Wednesday, August 8, 2018

We were discussing the cloud-first strategy for newer workloads as well as migrating older workloads to Object Storage.  We did not mention any facilitators of workload migrations but there are many tools out there that help with the migration.  We use the IO capture and playbook tools to study the workload profiling. This we can perform in a lab environment or in production as permitted. In addition, there are virtualizers that take a single instance of an application or service and enable it to be migrated without any concern for the underlying storage infrastructure.

It is these kinds of tools we make note of today. These tools provide what is termed as "smart availability" by enabling dynamic movements of workloads between physical, virtual and cloud infrastructure. This is an automation of all the tasks required to migrate a workload.  Even the connection string can be retained when moving the workload so long as the network name can be reassigned between servers. What this automation doesn't do is perform storage and OS level data replication because the source and destination is something the users may want to specify themselves and is beyond what is needed for migrating the workloads. Containers and shared volumes come close to providing this kind of ease but they do not automate all the tasks needed on the container to perform seamless migration regardless of the compute. Also, it makes no distinction between Linux containers and docker containers.  These tools are often used for high availability and for separating the read only data access to be performed from the cloud.

It should be noted that the application virtualization does not depend on the hypervisor layer. There are ways to do it but it is not required.  In fact, the host can be just about any compute as long as the migration is seamless which means it can be on-premise or in the cloud. There is generally a one to one requirement for the app to have a host.  One application to many hosts seamless execution is excluded unless they are running in serverless mode.  Even so, different functions may be executed one on one over a spun-up host. The host is not taken to be a cluster without some automation of which nodes execute the serverless functions.  An application that is virtualized this way is agnostic of the host. This is therefore an extension of server virtualization but with the added benefits of fine-grained control.
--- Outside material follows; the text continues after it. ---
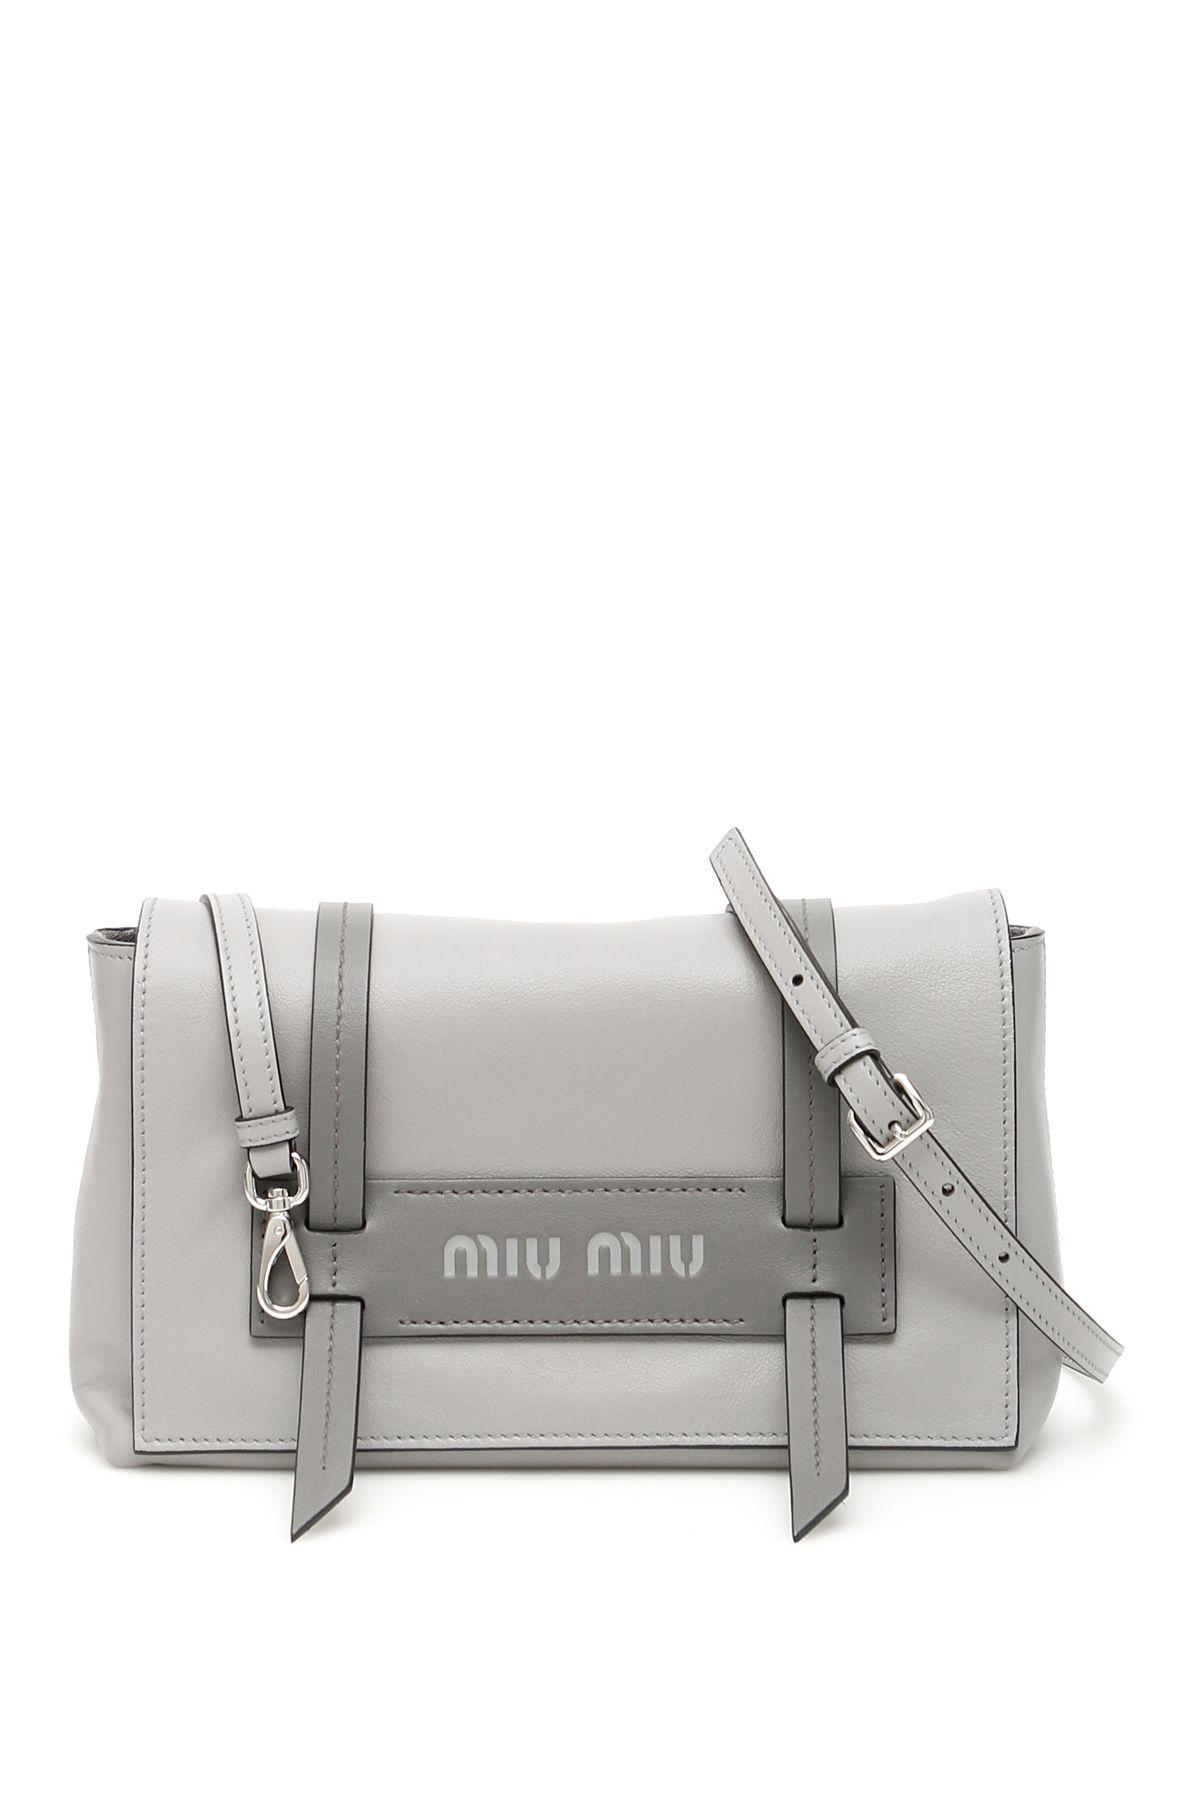 Miu Miu Logo Bag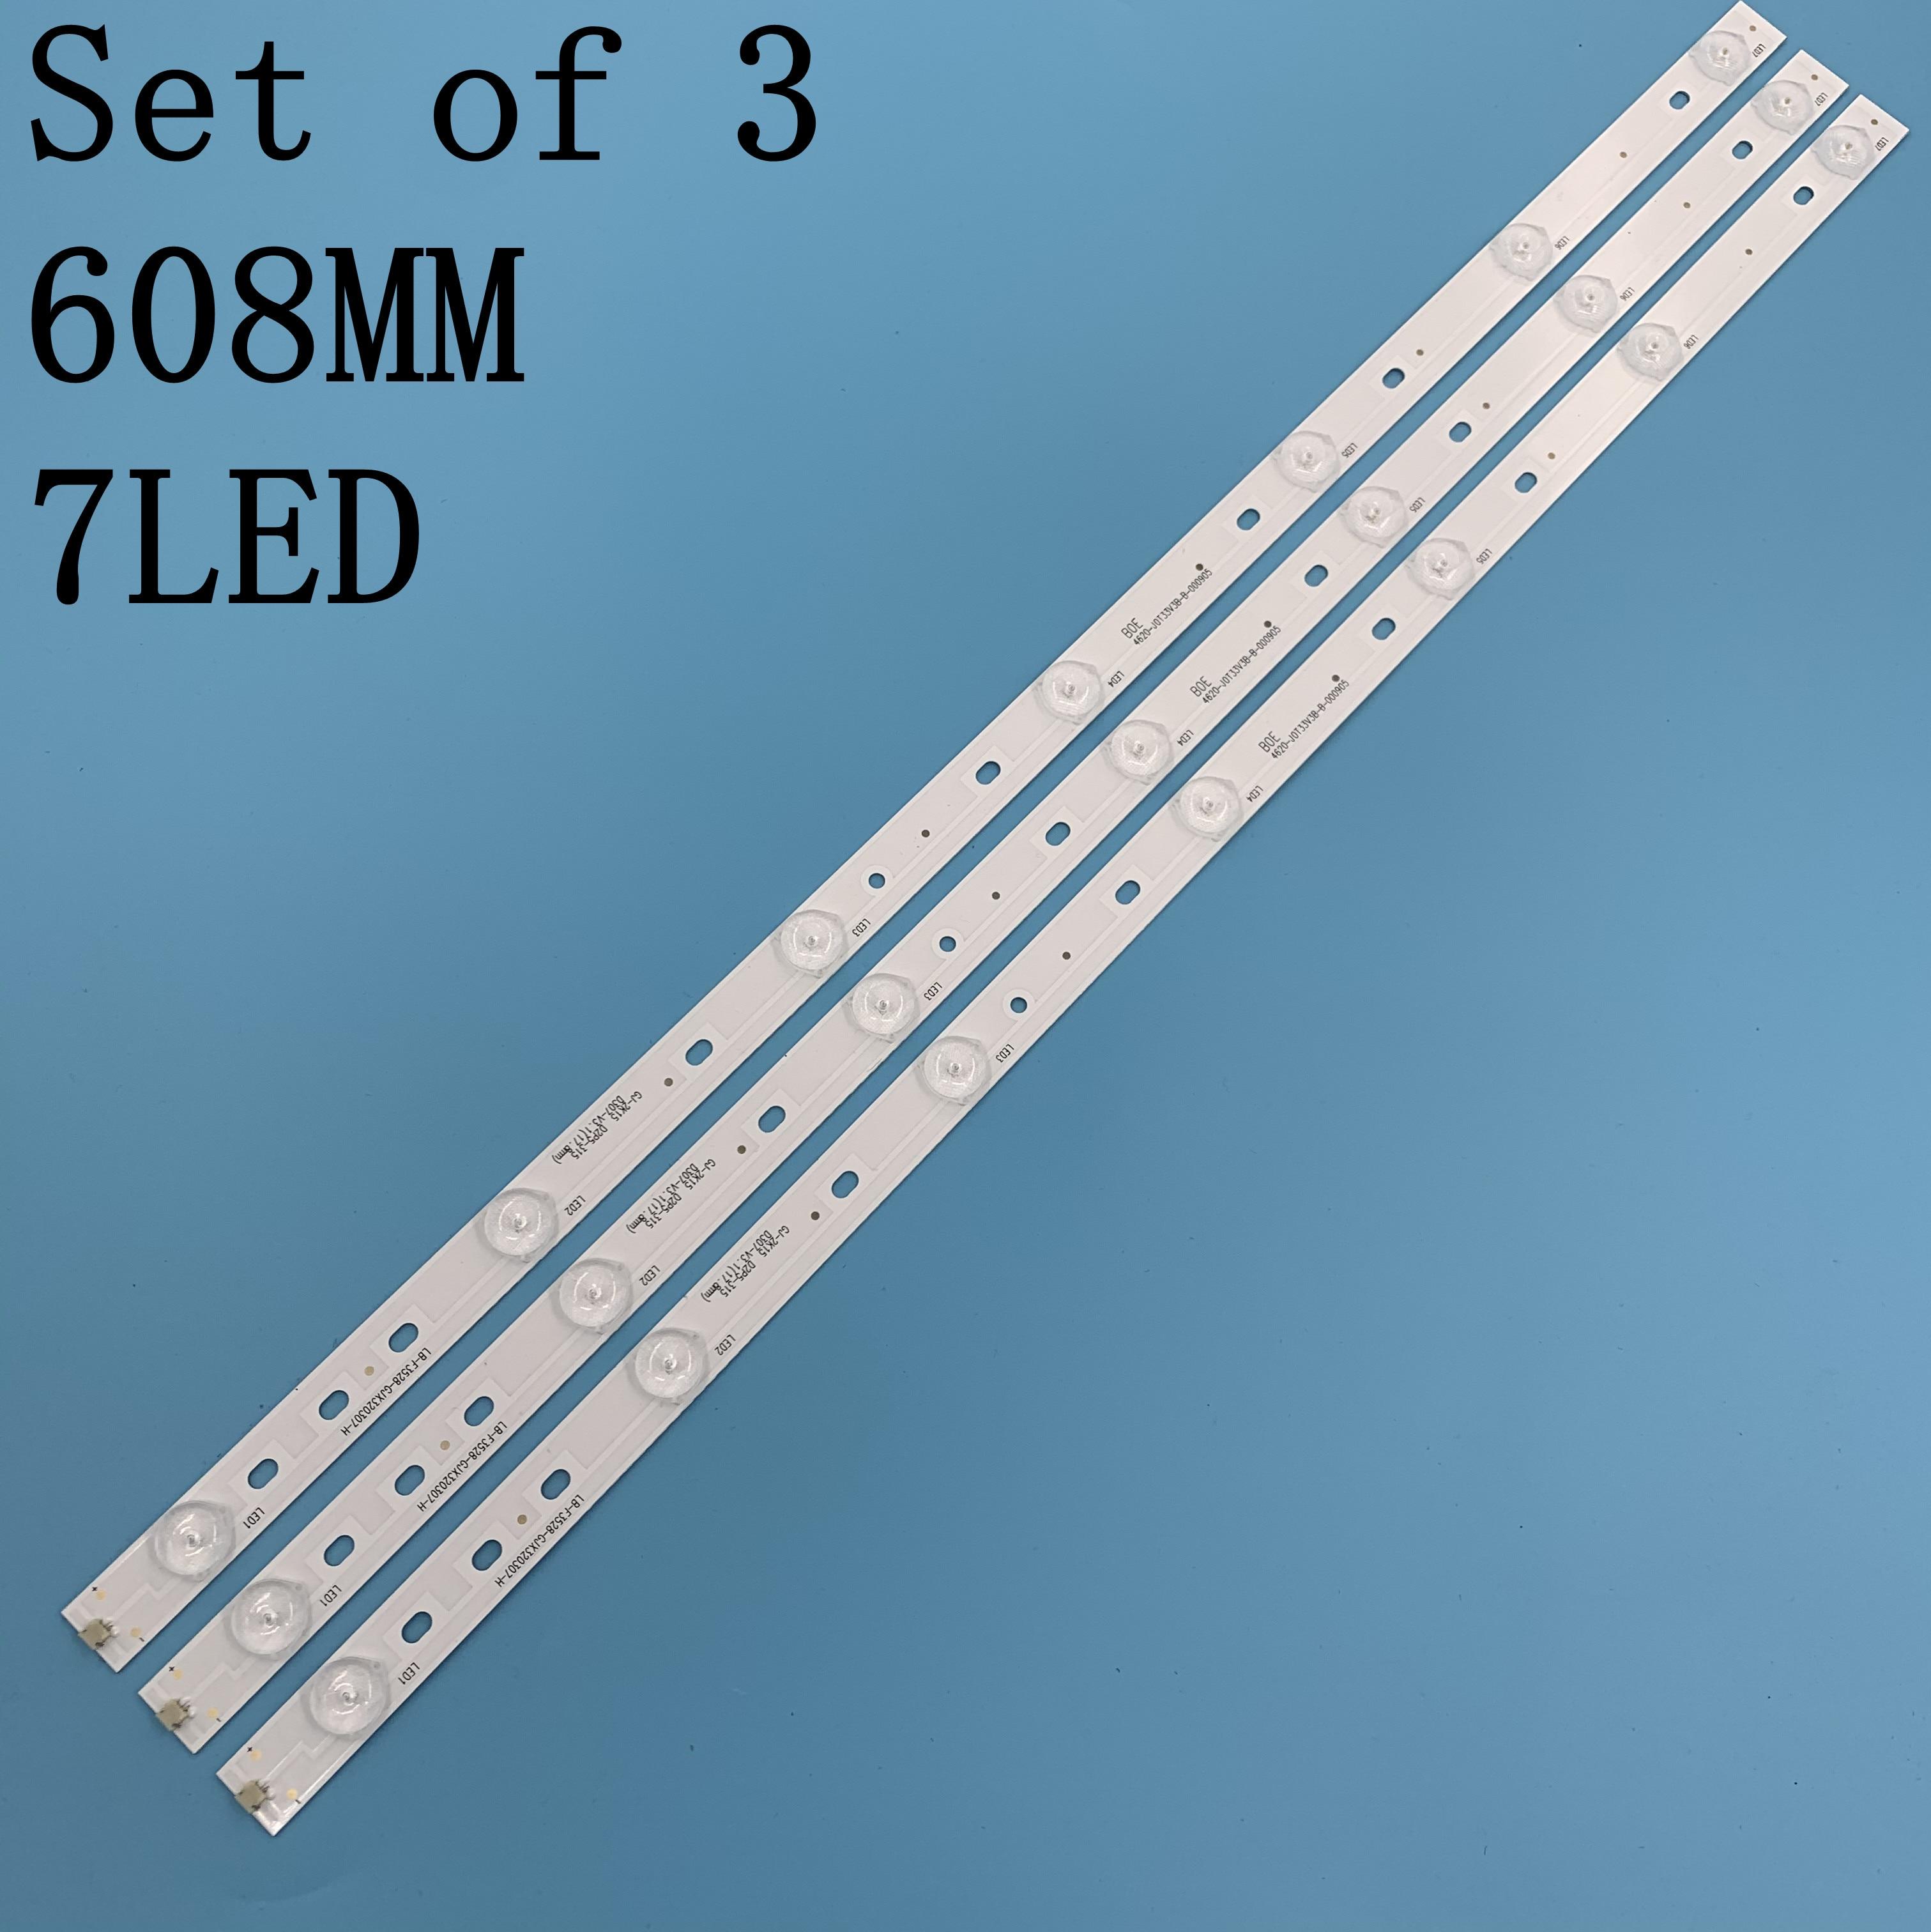 Led Bar Lights 1set=3pcs LBM320P0701-FC-2 LED Backlight Strips For P Hilips BDM3201F

We noted that workload patterns can change over time. There may be certain seasons where the peak load may occur annually.  Planning for the day to day load as well as the peak load therefore becomes important.  Workload profiling can be repeated year round so that the average and the maximum are known for effective planning and estimation.
Storage systems planners know their workload profiles. While deployers view applications, services and access control, storage planners see workload profiles and make their recommendations based exclusively on the IO, costs and performance.  In the object storage world, we have the luxury of comparision with file-systems. In a file-system, we have several layers each contributing to the overall I/O of data. On the other hand, a bucket is independent of the filesystem. As long as it is filesystem enabled, users can get the convenience of a file system as well as the object storage. Moreover, the user account accessing the bucket can also be setup. Only the IT can help determine the correct strategy for the workload because they can profile the workload.